The Arkansas Freedom of Information Act, Sections 25-19-101 to 25-19-107, Ark. Code Ann. (1987), contains no trial preparation exception. Moreover, because the Act contains no express attorney-client privilege exception as one of the enumerated exceptions to disclosure, the Supreme Court of Arkansas held that litigation files are open to public review. Scott v. Smith (1987), 292 Ark. 174, 176, 728 S.W.2d 515, 516.

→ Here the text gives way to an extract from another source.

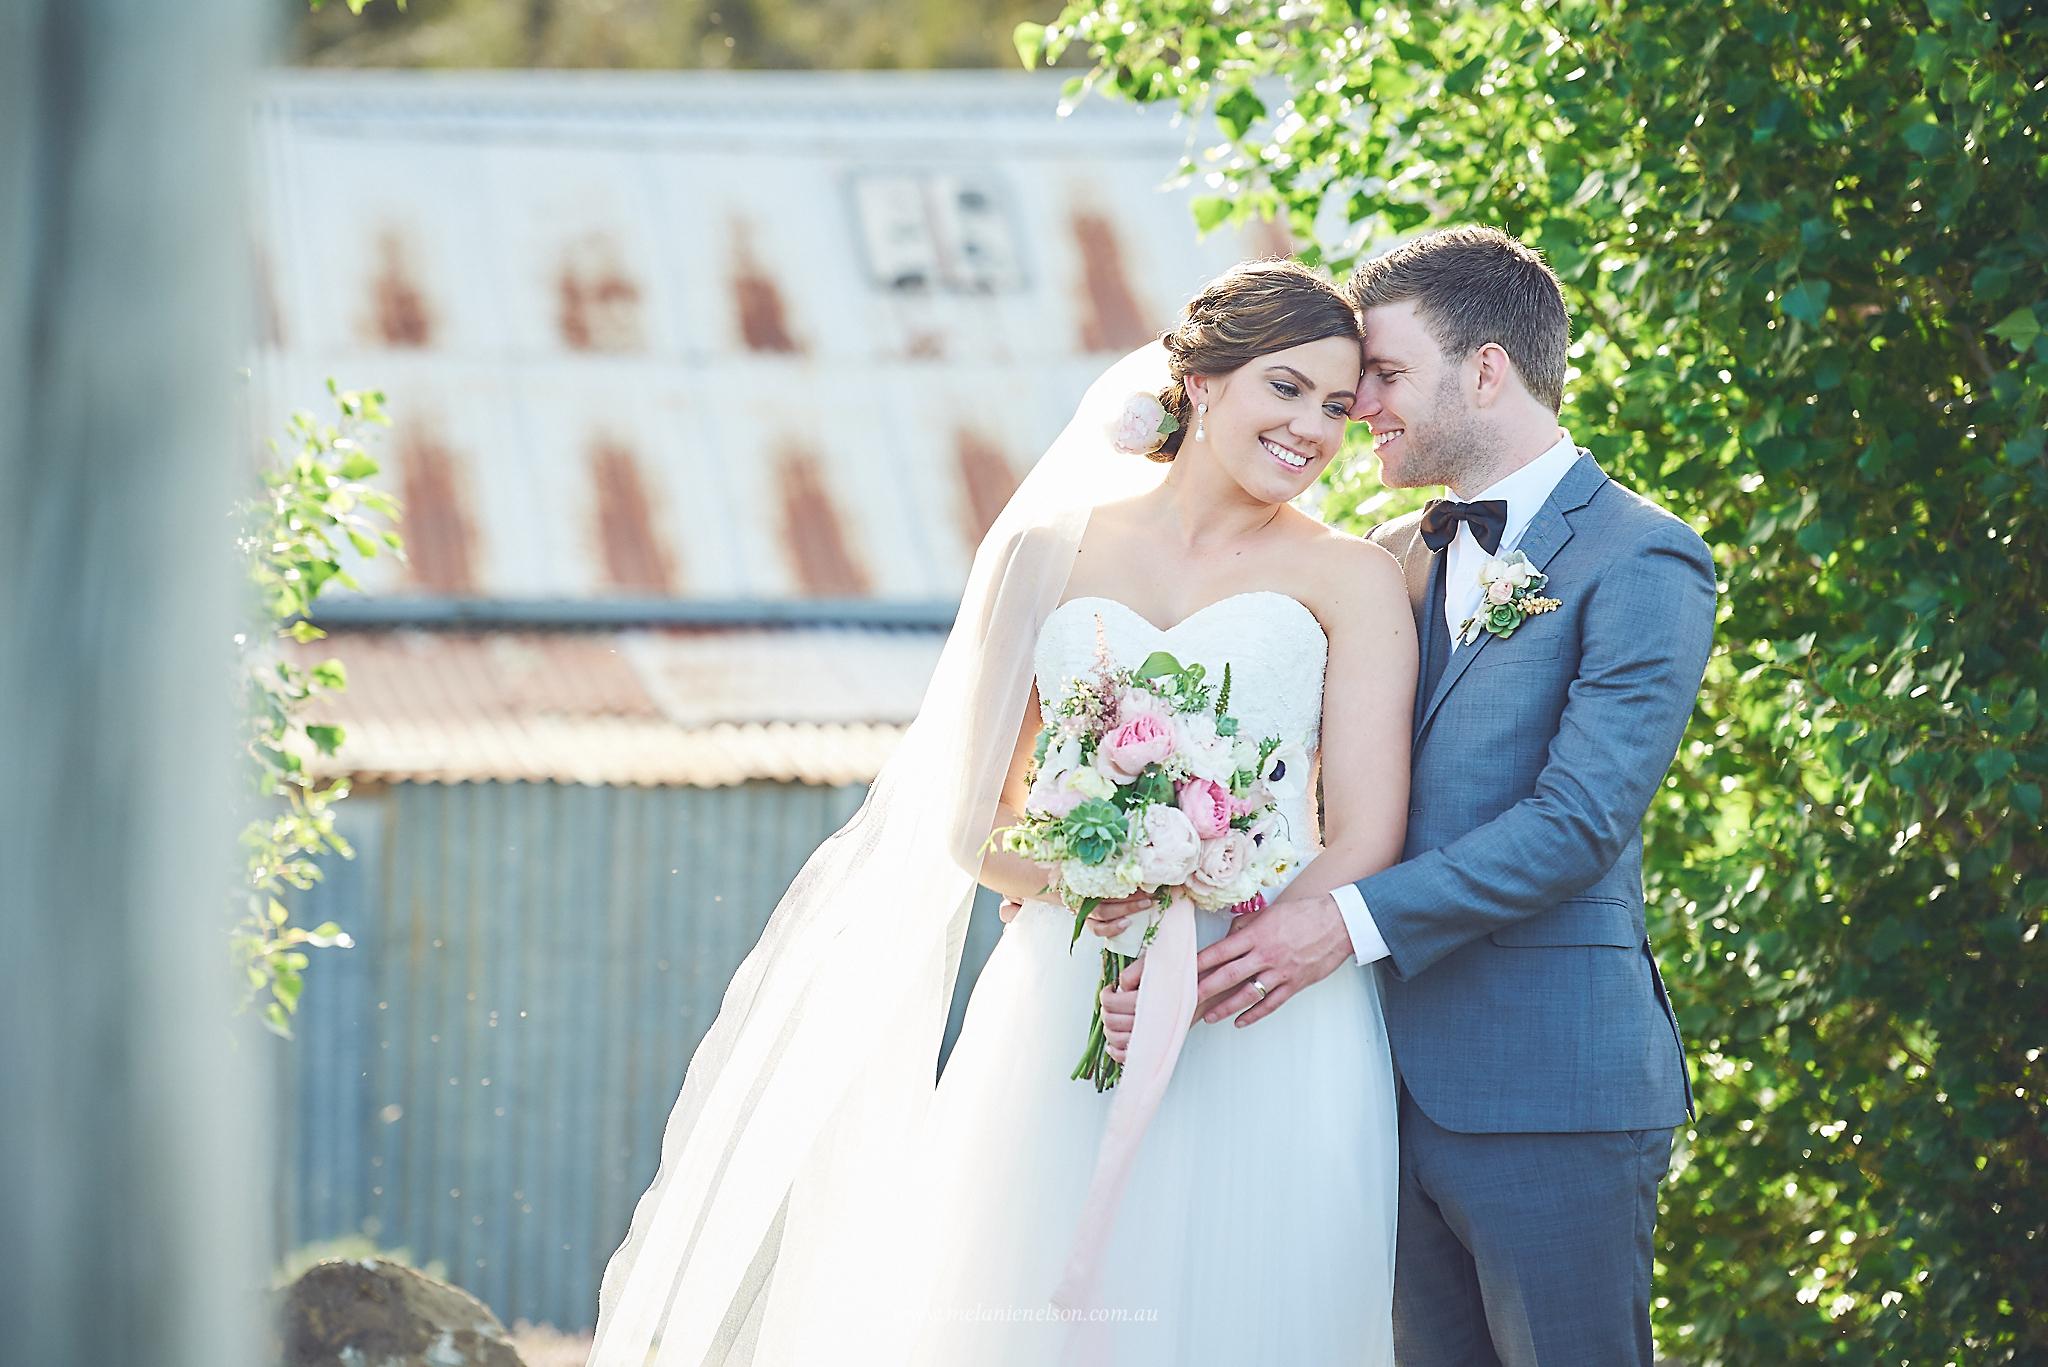 howards_vineyard_wedding_0015.jpg

The cases from the state of New York cited by the appellees are unpersuasive. The New York Freedom of Information Law, Public Officers Law, Sections 84 to 90 (McKinney 1988), like the Arkansas statute, provides no express protection for attorney-client communications. Contrary to the holding of the Arkansas court, the court in Steele v. New York Dept. of Health (1983), 119 Misc. 2d 963, 966, 464 N.Y.S.2d 925, 927, held that the attorney-client privilege protected an intra-agency legal memorandum from disclosure. In Austin v. Purcell (1984),103 A.D. 2d 827, 478 N.Y.S.2d 64, the majority, declining to base its decision on the attorney-client privilege, merely held that a report prepared by an agency's independent counsel did not fall within one of the exceptions to disclosure for intra-agency materials.
The majority view in this case, compared to the hereinabove referred to holdings of our sister states, castrates Ohio's Public Records Law by applying an attorney-client privilege which is inappropriate in this case. Contrary to the appellees' contention, an attorney's compliance with the Ohio Public Records Law would not violate the Ohio Code of Professional Responsibility. The code expressly provides that an attorney may disclose his client's confidences and secrets as required by law. DR 4-101(C)(2). Further, the Ohio Public Records Law does not conflict with Ohio's attorney-client privilege as embodied in R.C. 2317.02(A). That provision only guarantees a testimonial privilege and is to be strictly construed. Cf. Weis v. Weis (1947), 147 Ohio St. 416, 34 Ohio Op. 350, 72 N.E.2d 245, 169 A.L.R. 668, paragraph four of the syllabus.
Finally, note that the contested memorandum dealt with the issue of whether an action by an elected official would violate this state's ethics in government laws. Certainly this issue was of paramount importance to the citizens of the appellees' community. The memorandum is precisely the type of material intended by the General Assembly to be subject to prompt public disclosure.
Accordingly, I would reverse the judgment of the trial court and remand for further proceedings.